# RangeFinder Questions



## Travis (May 7, 2021)

Hi everyone, I wanna build this Range Booster but I not sure about the transistor.

One OC75 with 75-100 hfe will be a good option?


Also I don´t know wich mode is on the eight positions of the RangeFinder.



Thanks for help


----------



## Travis (May 7, 2021)

I didn´t find enough information about the eight positions


----------



## benny_profane (May 7, 2021)

What are you asking? The range finder has a rotary switch that allows you to select the input capacitor to the circuit. This input capacitor is part of a high-pass filter (i.e., a filter that cuts low frequencies). The threshold is adjusted with the capacitor value. A larger capacitor allows more low end in; a smaller capacitor cuts more low end.

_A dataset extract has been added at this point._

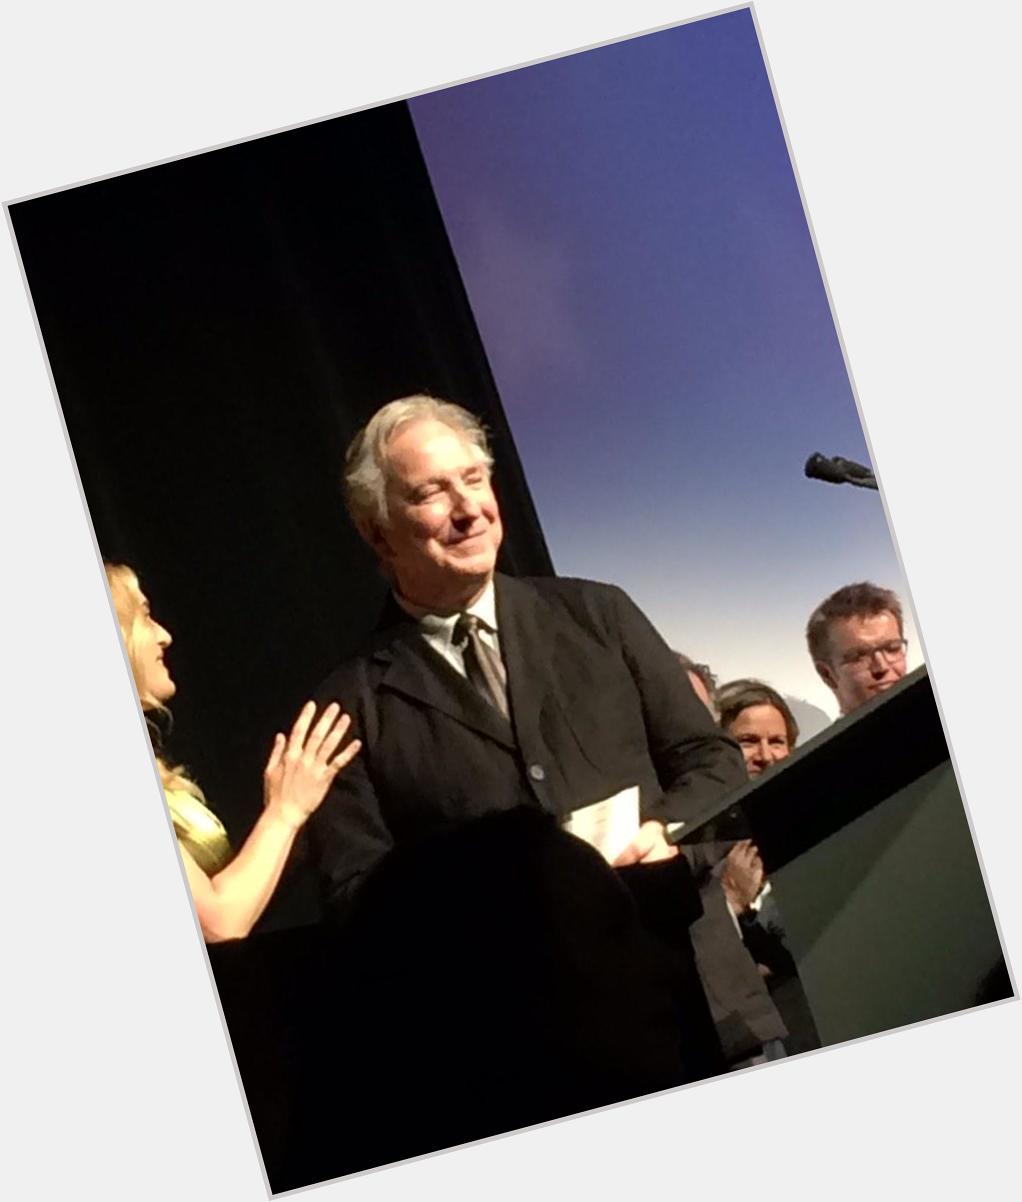 Happy birthday Alan Rickman - bet there are lots of birthday wishes at Glasgow film fest today! (My pic from TIFF) 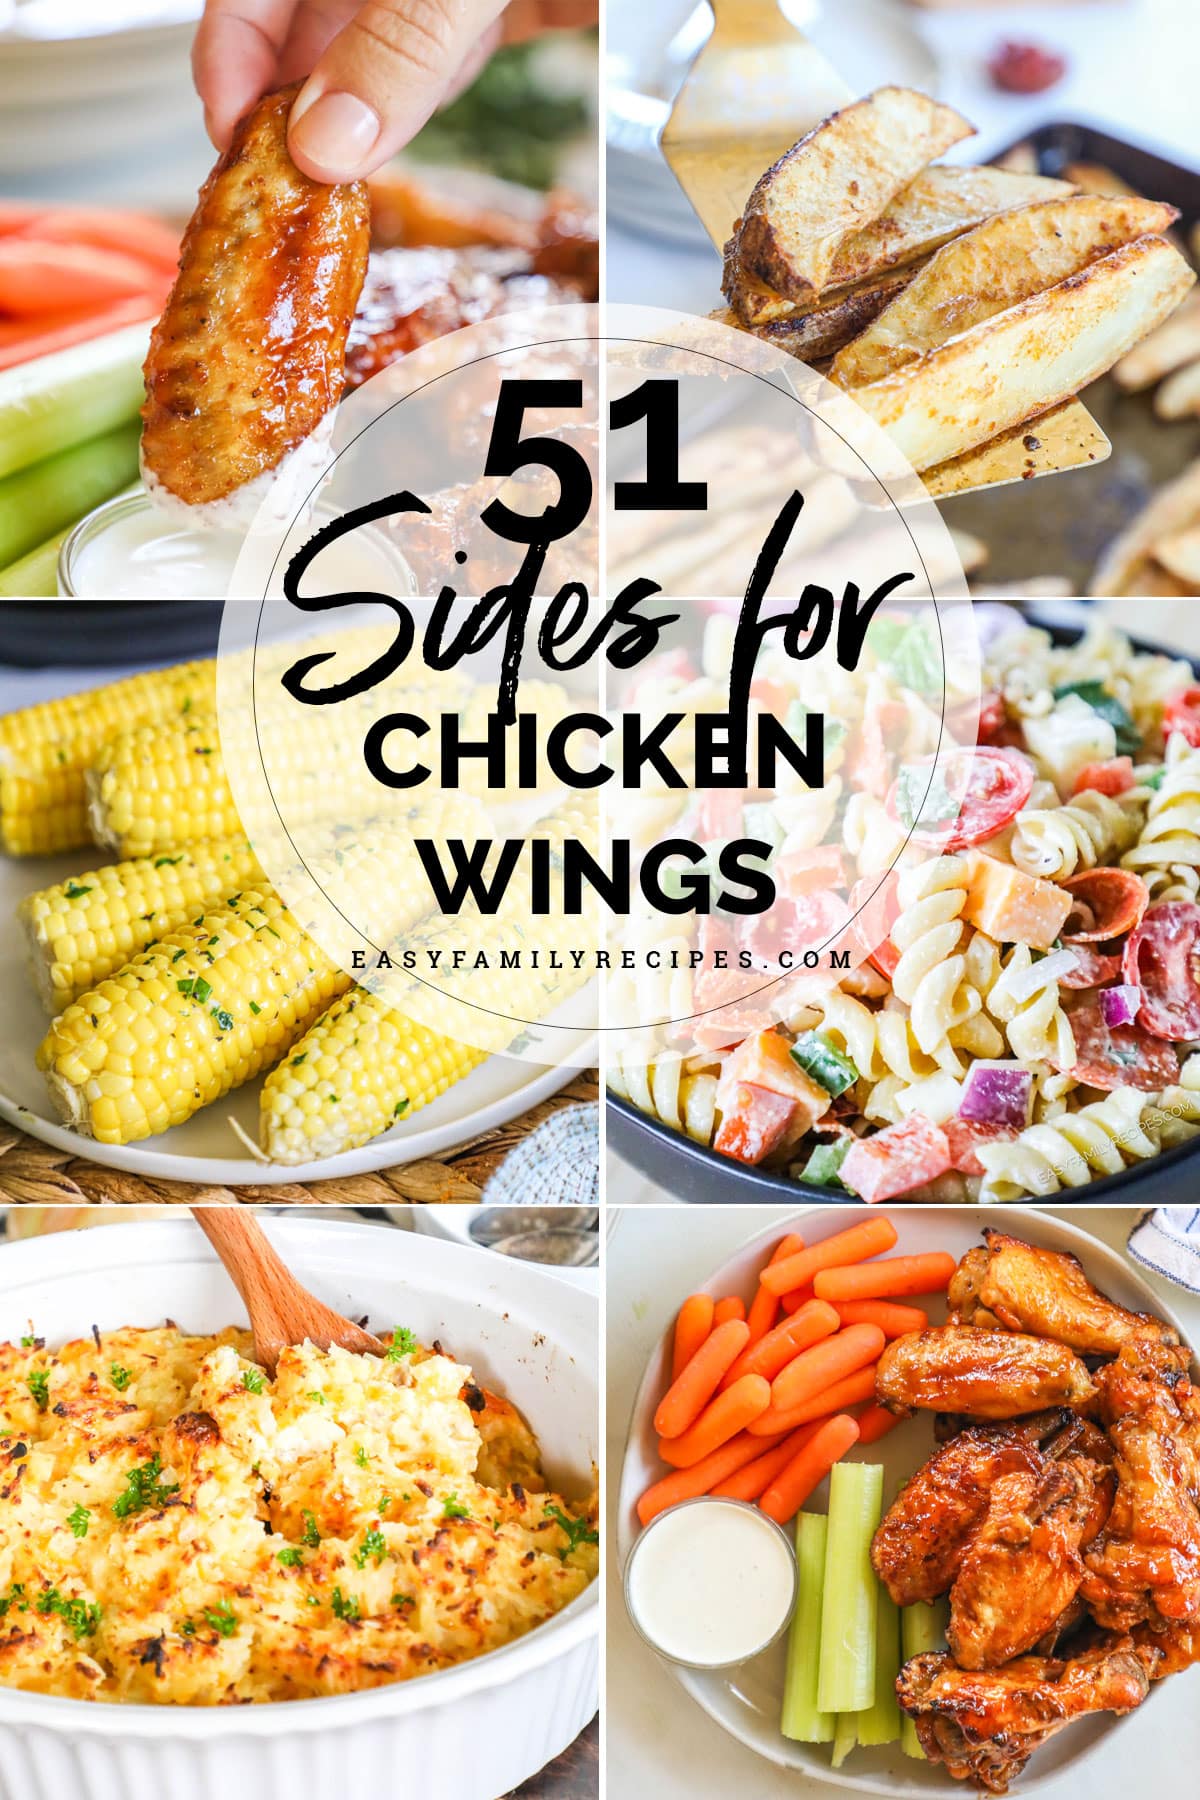 51+ Best Sides for Chicken Wings · Easy Family Recipes

The stock value in a rangemaster is 5nF (or 4n7).

Don't worry about the part number of the transistor. There are plenty of Ge transistors that will give you good results. A PNP Ge with a gain (hFE) range of 65–100 with less than ~300uA leakage is fine.


----------



## Travis (May 7, 2021)

Ok, so if I buy the oc75 with 65-100 hfe it's okey?

Thanks for explain me the 8 positions, wich ones are similar yo Rangemaster 1 or 2?


----------



## benny_profane (May 7, 2021)

If you can find one, sure. You'll pay a premium for that particular part number and there are no guarantees regarding leakage. I would suggest finding another device to save some money unless you're very set on it.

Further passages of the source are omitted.